When I get out of here, I want to get serious about my writing. Keep getting serious, I mean. That means doing journaling and applying for contests, spending time crafting essays.
Also: I want to be skinny. I want to vape. I want to smoke weed. I want to get on disability.
These things may have nothing to do with each other. Then again, maybe they’re all connected. It’s hard to know when I’m zoomed in so close.
day 5
I am told by my resident doctor that I can go home today if I wish. I’m so excited my stomach begins cramping and I need to use the bathroom. Unfortunately, my roommate is sleeping right next to the toilet. I can’t wait to get home so I can take a proper shit. Not for the first time, I wonder why I care so much about others hearing my bodily functions.

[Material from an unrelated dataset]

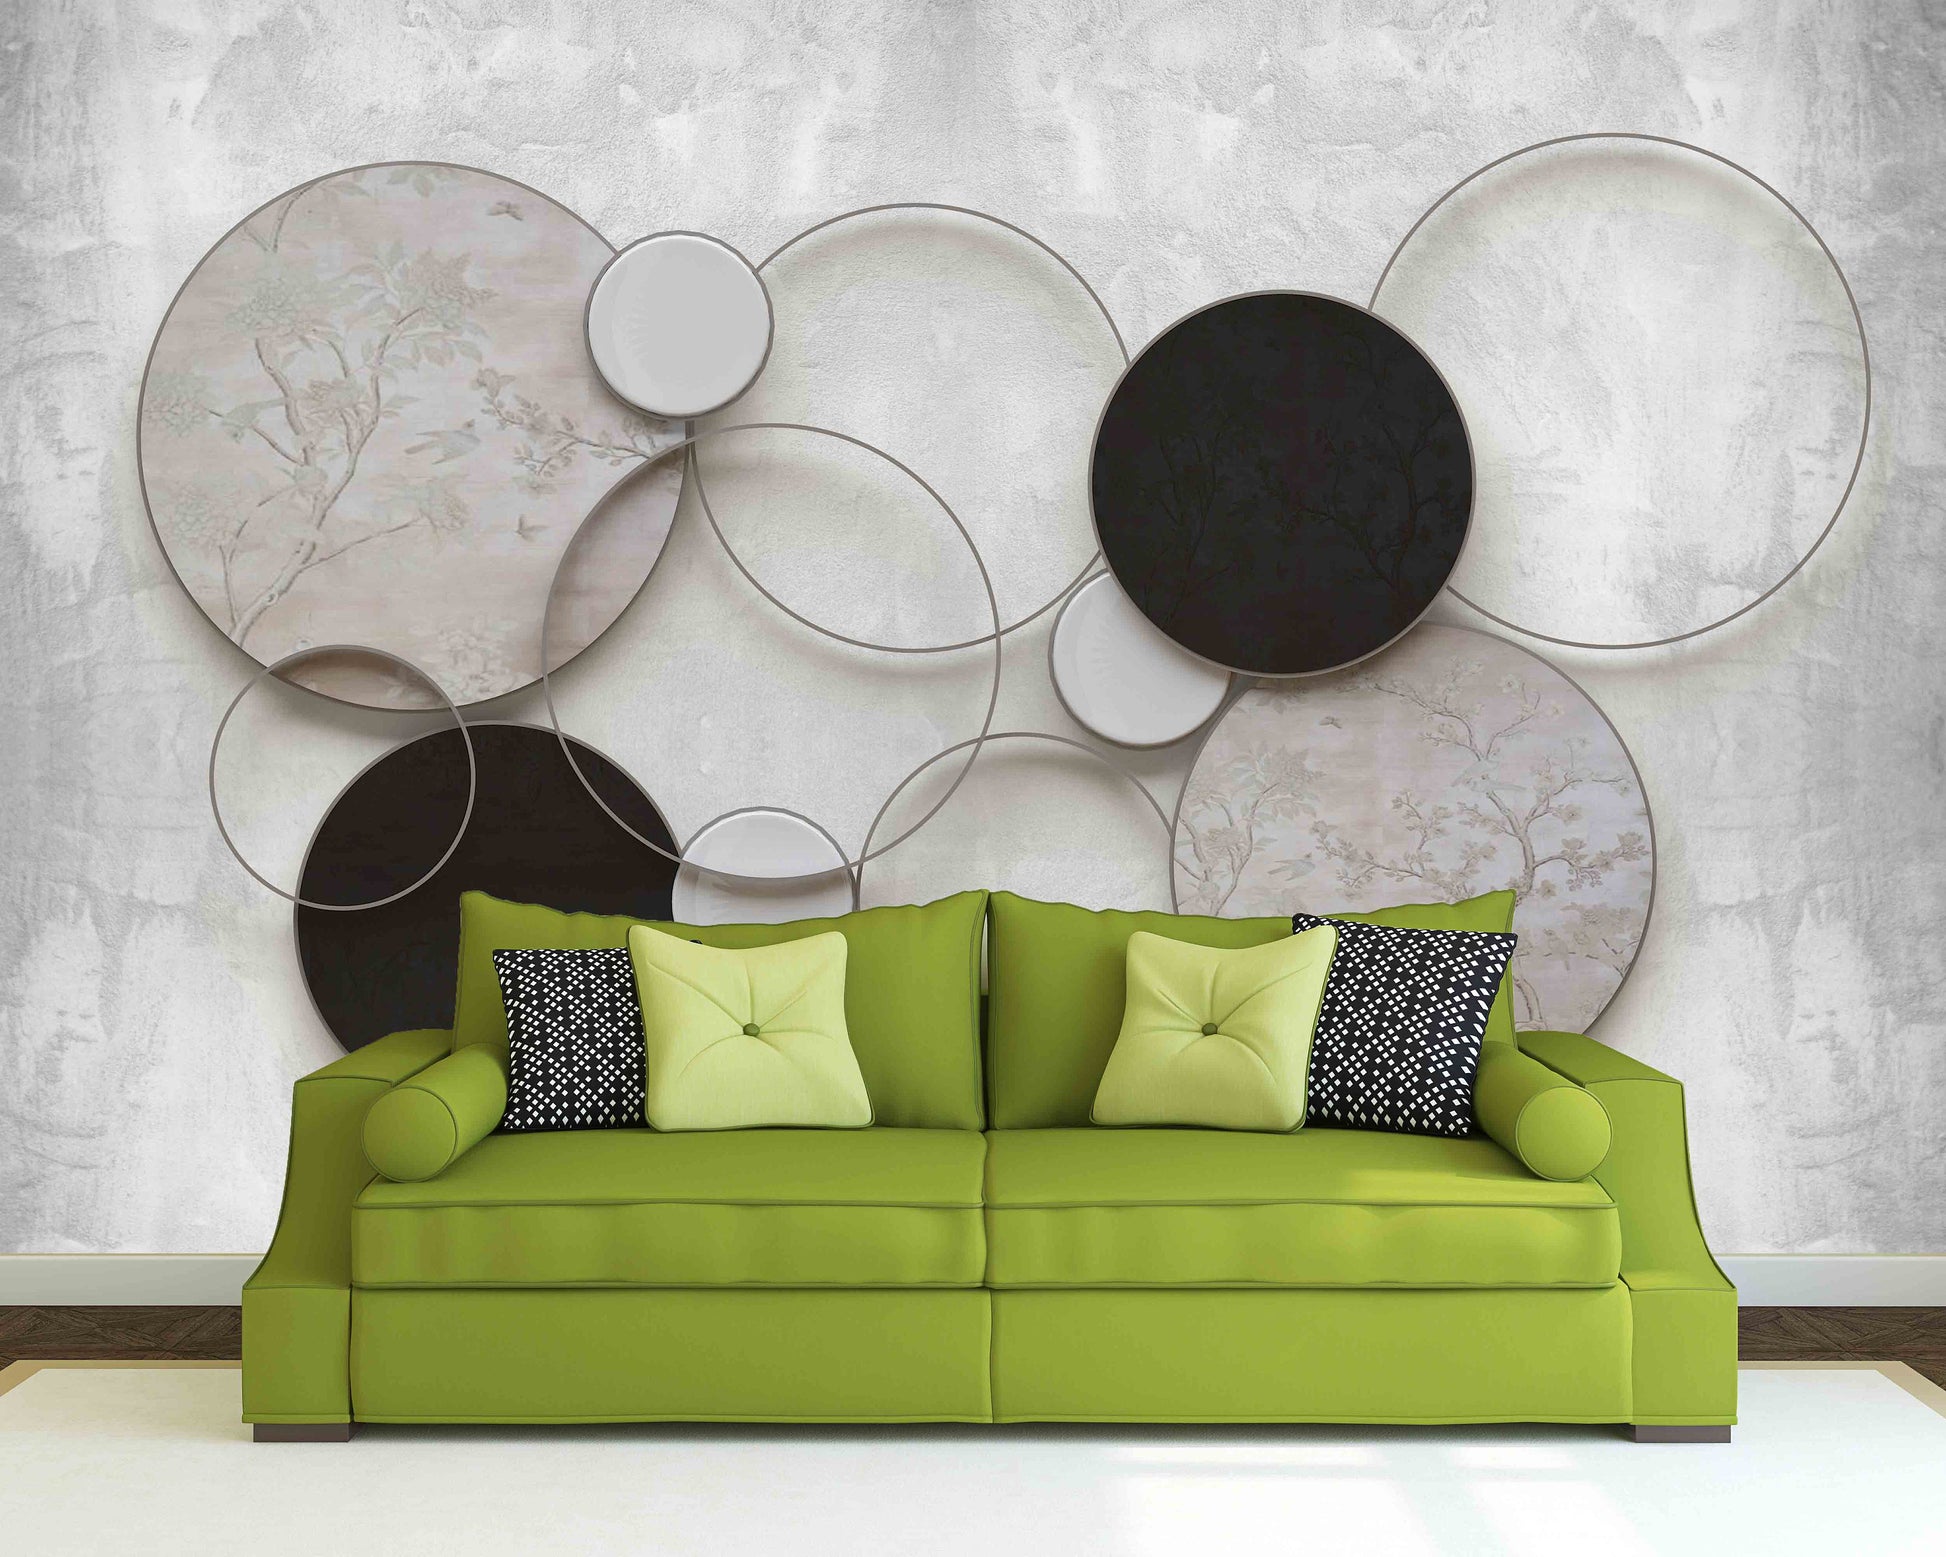 Geometric wallpaper 3d wall mural Abstract wallpaper Peel and stick wallpaper Photo wallpaper Black and white art removable wallpaper

I’m glad I told my sister about my Benadryl stash so I don’t have to deal with that once I’m home alone. I’m also glad I have weed. Maybe the five days’ break will have caused my tolerance to slip.
Always looking on the bright side.
I remember that I am supposed to be starting PHP next week. They probably wouldn’t look kindly on me smoking. But that’s a problem for future Chris.
I had my veggie burger for lunch and now I’m ready to leave. I sit in a plastic chair outside my room as a social worker talks to my roommate. All day long I’ve been carrying around a large print crossword puzzle book that the recreational therapist gave me the other day. It’s hard and makes me miss my mom, who shares my love of word searches. Right now I’d love to sit with her at her kitchen table and laugh about nothing in particular.
She doesn’t yet know that I’m getting out today. If she did, she’d probably be a little worried. I don’t blame her. I am a little worried myself.
The resident who volunteered me for the interview earlier swings by my room on her way out.
I just wanted to thank you again, she says while clasping a clipboard to her chest. Her nails are buttercream yellow with perfectly manicured almond tips, striking against her dark skin. I wonder if they’re press-ons.
You didn’t seem anxious at all, she says. Or if you were, I couldn’t tell.
Oh, I’m always anxious, I joke, looking down at my Vans. I guess I’ve been talking about this stuff so long it’s easy to pretend.
Oh yeah, you said you do a podcast!
She looks genuinely interested, and I give her the name when she asks. Secretly I hope she’ll tell her peers. Apparently they all had good things to say about me.
When the doctor leaves my room, I let myself smile big.